* [DATA SECTION]:

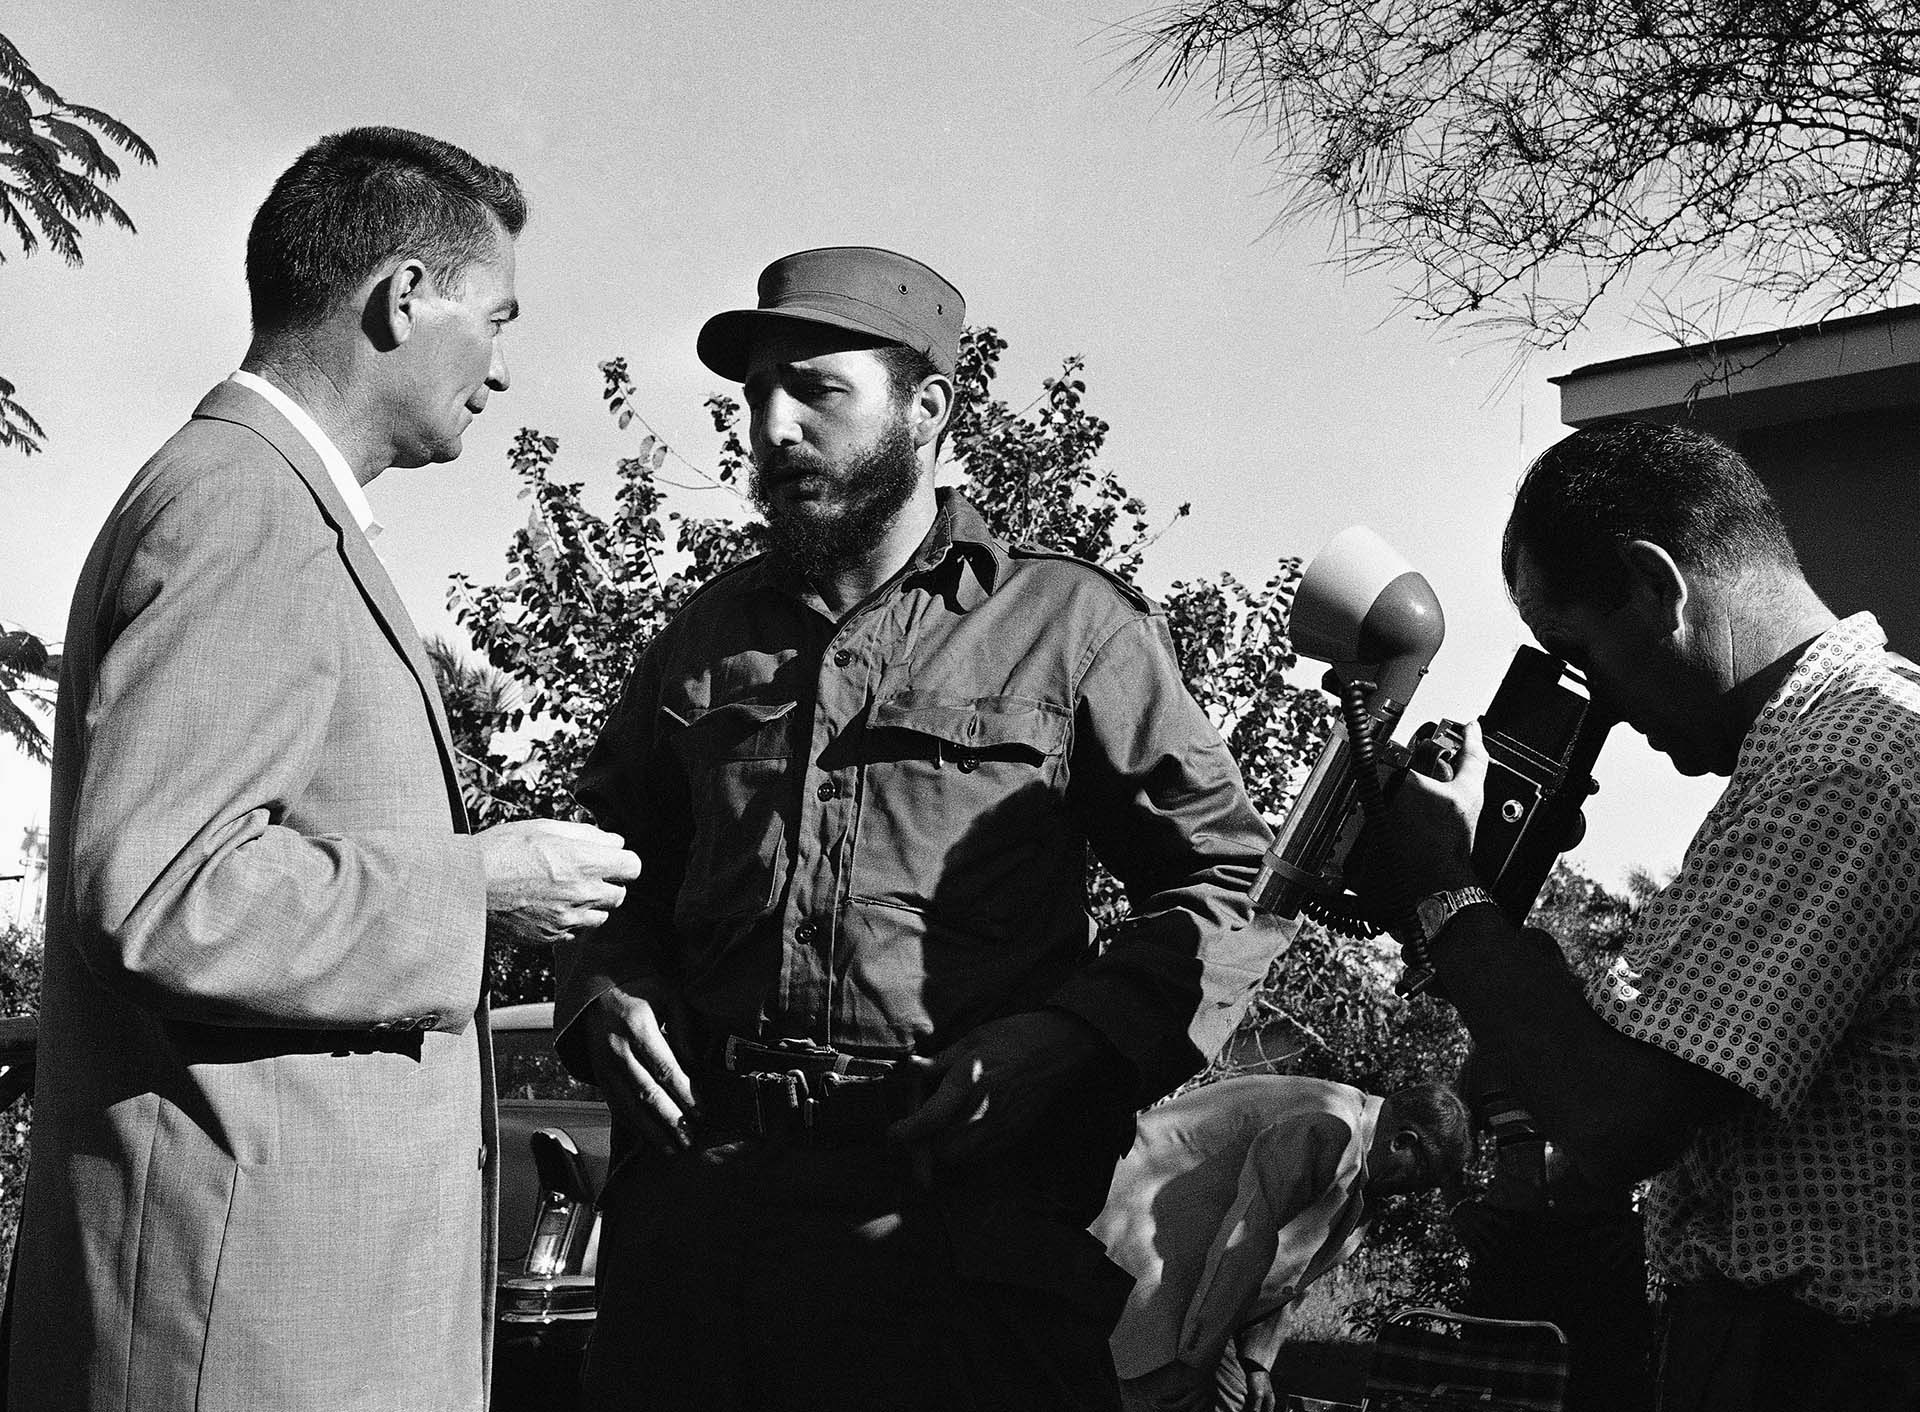 Una de las primeras entrevistas de prensa internacional a Fidel tras el triunfo revolucionario
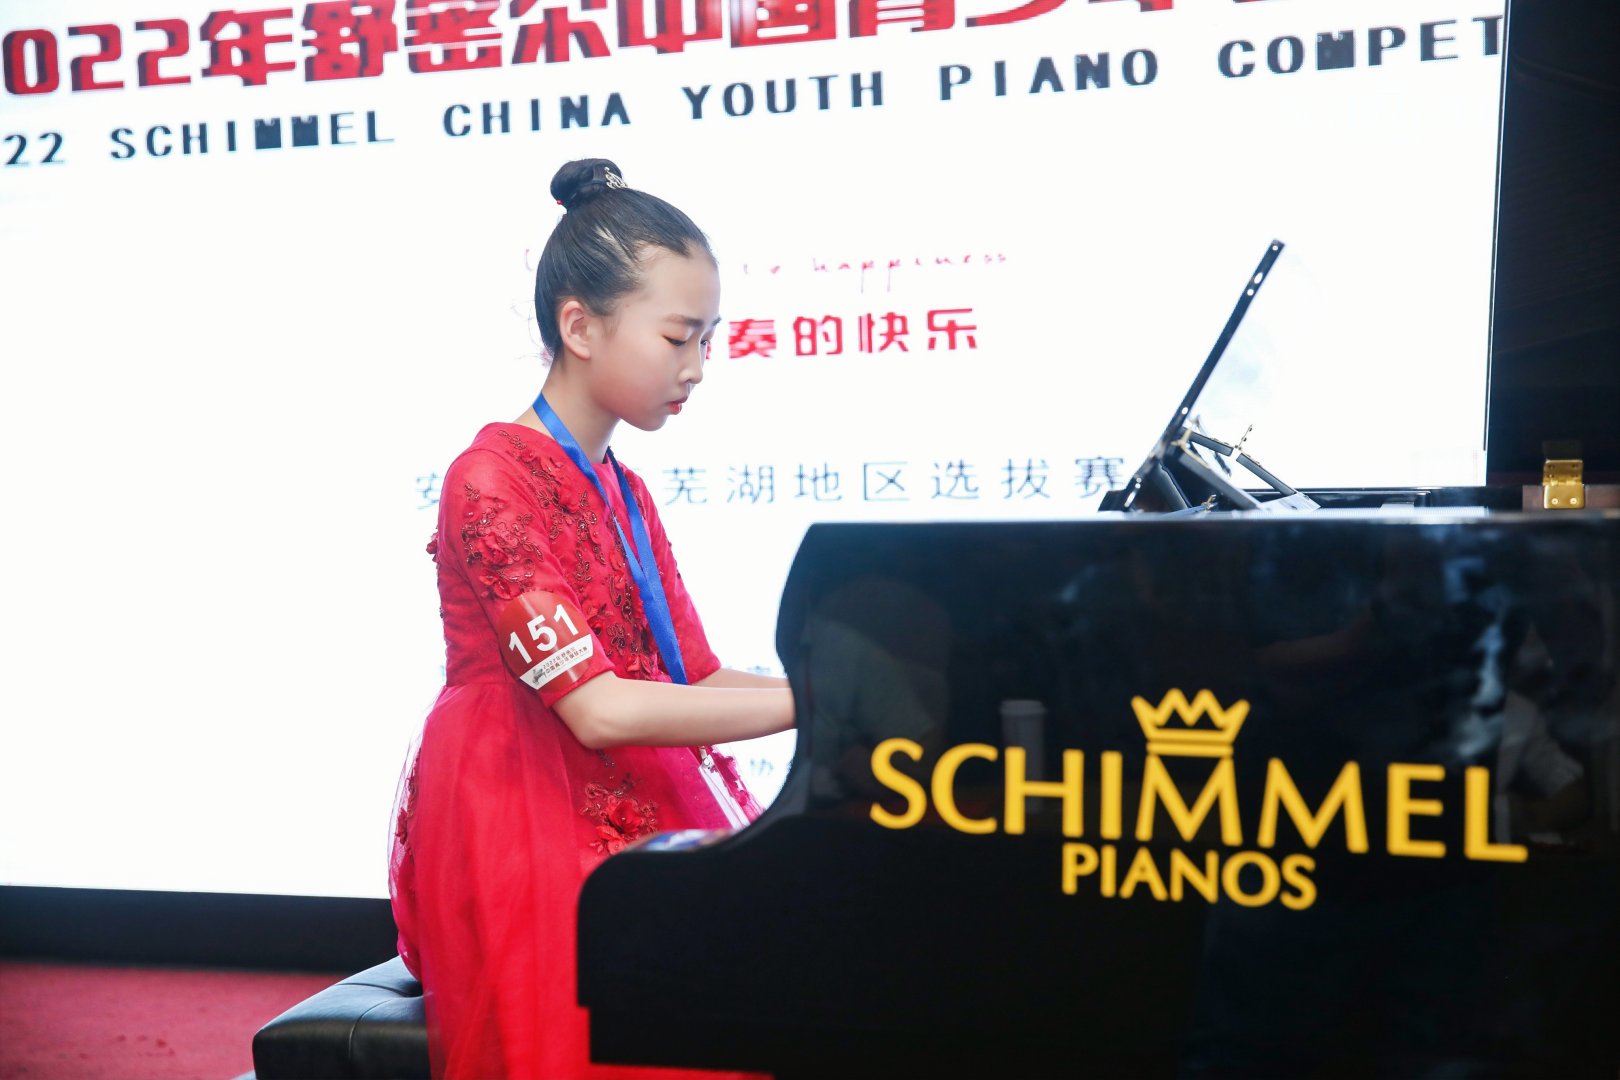 舒密尔钢琴赛事资讯 | 芜湖、南京、泰州、威海、济南、文山、嘉兴、南宁、盘锦、赣州选拔赛璀璨开赛
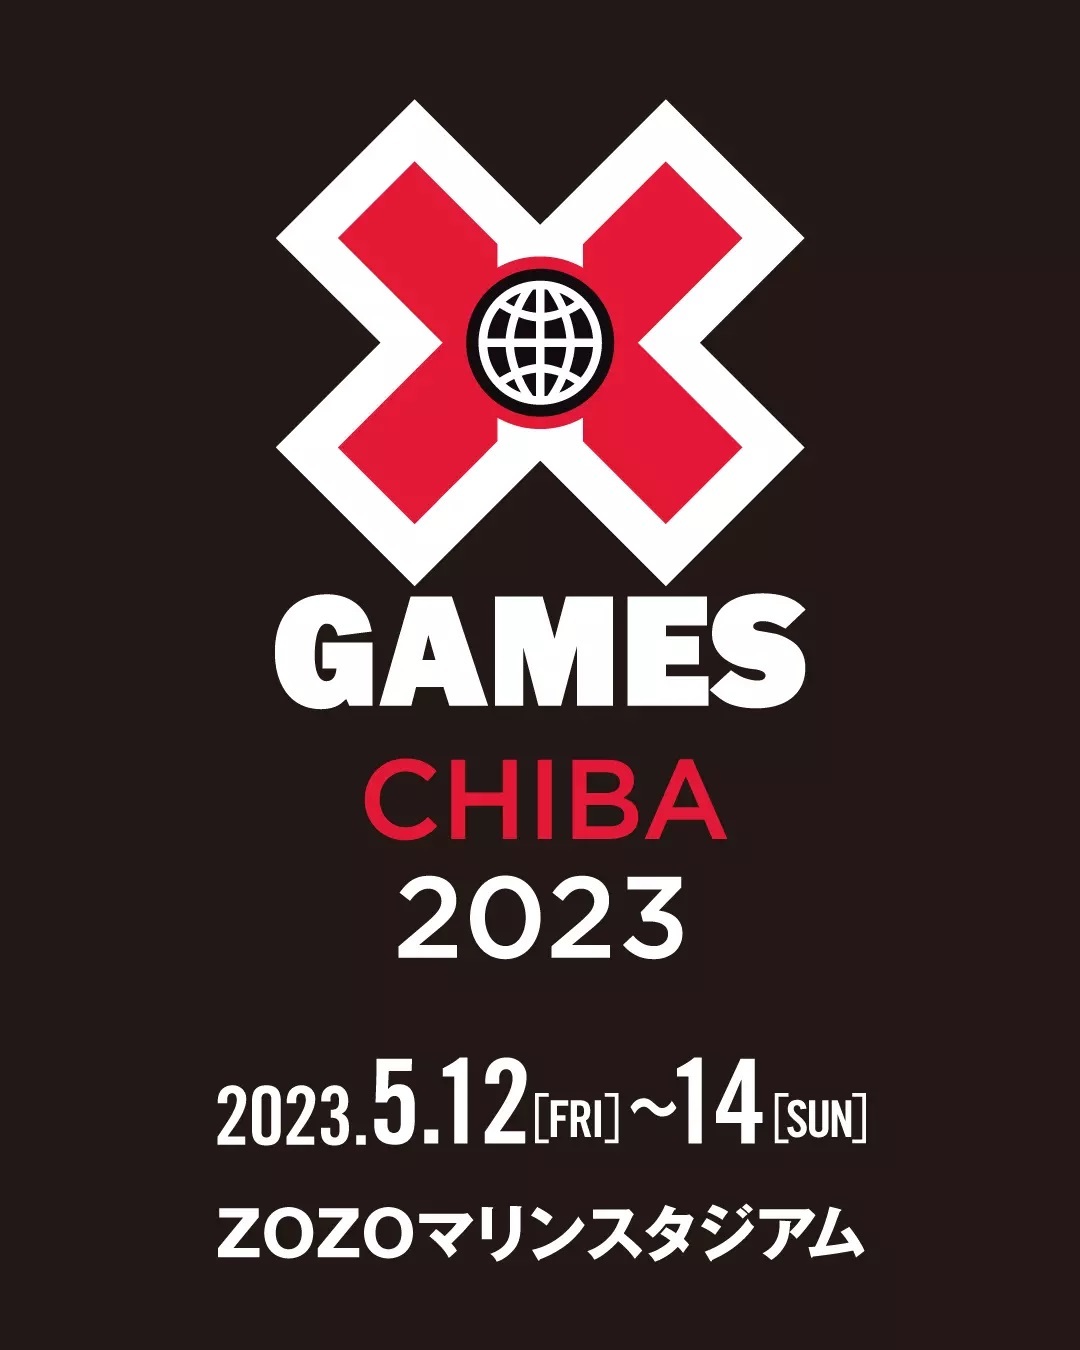 世界最大のアクションスポーツの国際競技会『X Games Chiba 2023』

* [ABOUT THIS EXERCISE]:
Every line of the listing above is to be set down verbatim, without the pictures.

* [SOLUTION TO THIS EXERCISE]:
 Una de las primeras entrevistas de prensa internacional a Fidel tras el triunfo revolucionario
 舒密尔钢琴赛事资讯 | 芜湖、南京、泰州、威海、济南、文山、嘉兴、南宁、盘锦、赣州选拔赛璀璨开赛
 世界最大のアクションスポーツの国際競技会『X Games Chiba 2023』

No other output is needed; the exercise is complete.